The epistolary novel

During the early part of the development of the novel in English, many fictions were offered as ‘real’ narratives, that is, they were given a framing device; their authors offered them as ‘true’ accounts which they had received at first hand, discovered through old journals, or pieced together from diaries and journalism. Since the word ‘novel’ was not then current in our usage of the term, these stories were often given titles that included phrases such as ‘a history’ or ‘a true account of’ or ‘the life of’. The titles and framing devices gave a sense of plausibility and factuality, and the practice did not entirely die out as the novel developed. Charlotte Brontë’s Jane Eyre, for example, is subtitled ‘A Biography’.

The term ‘epistolary’ is related to ‘epistles’ (letters), so an ‘epistolary novel’ is one whose narrative is conducted in letters, usually from and to the central protagonist or protagonists. Epistolary fictions were popular in the eighteenth century, and Austen would have read a number of novels in that form. In her letters, she acknowledges the influence of Samuel Richardson, whose novel Clarissa is one of the most famous epistolary novels.

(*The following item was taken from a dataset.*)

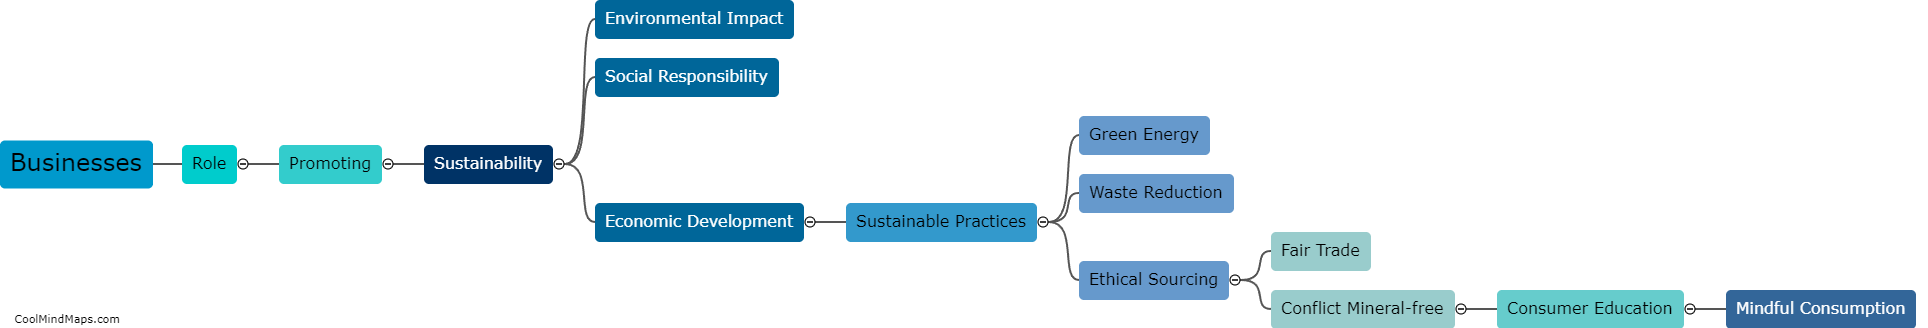 What is the role of businesses in promoting sustainability?

Correspondence provided a good frame for a novel. It offered an ostensible reason for the story’s being told, and therefore a sense of plausibility, and gave the narrative a shape. (Correspondent A witnesses this, and tells correspondent B; correspondent B reacts, and tells correspondent B that.) Letters between close friends and family could reveal a great deal about the emotional response of the writer, while more formal letters or letters of business could provide detail and background. Letter-writing was much more common then than now and, though the post was expensive (for the recipient rather than the sender), letters were often sent for free by the hand of anyone travelling to the right destination.

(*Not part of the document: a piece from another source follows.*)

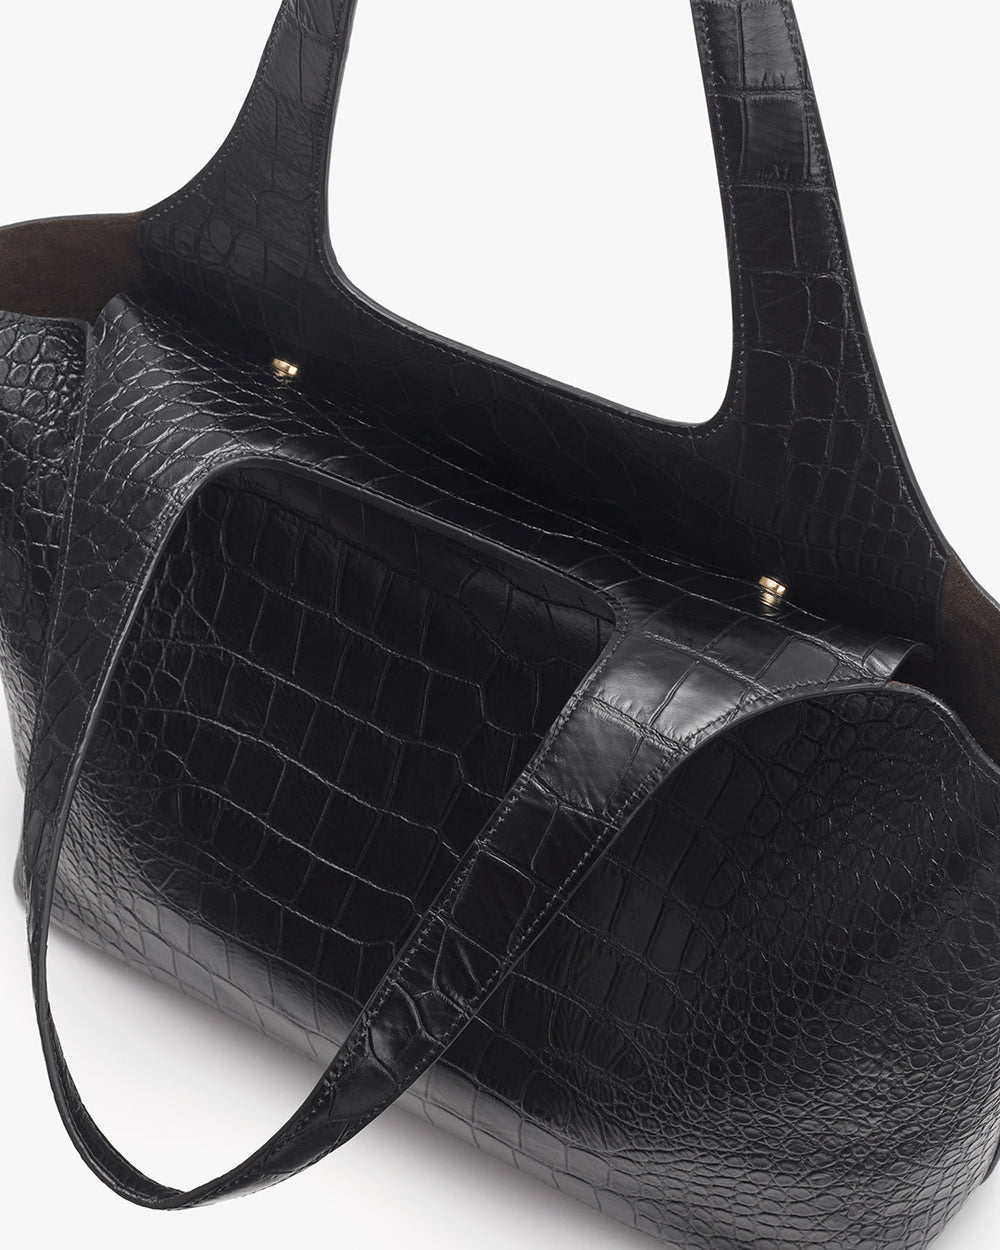 Handbag with croc-embossed leather and two straps.

The epistolary novel did have drawbacks. Even in the eighteenth century, few people would write often enough or in enough detail to provide all the information that the reader of a novel might want. The letter writer, of course, could provide only a limited perspective, and might not tell the reader much about his or herself. Multiple perspectives could be produced by including several correspondents, but none of them would be likely to introduce his or herself or to fill in the background details a reader might need if he or she were writing to anyone close enough for the letters to touch on the personal issues and emotions the novel would need to cover.

As narrative fiction in English developed into the high realism we associate with the nineteenth century novel, the epistolary novel went out of fashion. Jane Austen rewrote her early epistolary novel Elinor and Marianne in the form we more readily associate with her work, as Sense and Sensibility. One of her novels not published in her lifetime, however, Lady Susan, remains in epistolary form and can give us an idea of how Elinor and Marianne might have looked.

None of the six major novels of Austen’s maturity is in epistolary form. Letters appear in each of them, however, and always have an important part to play.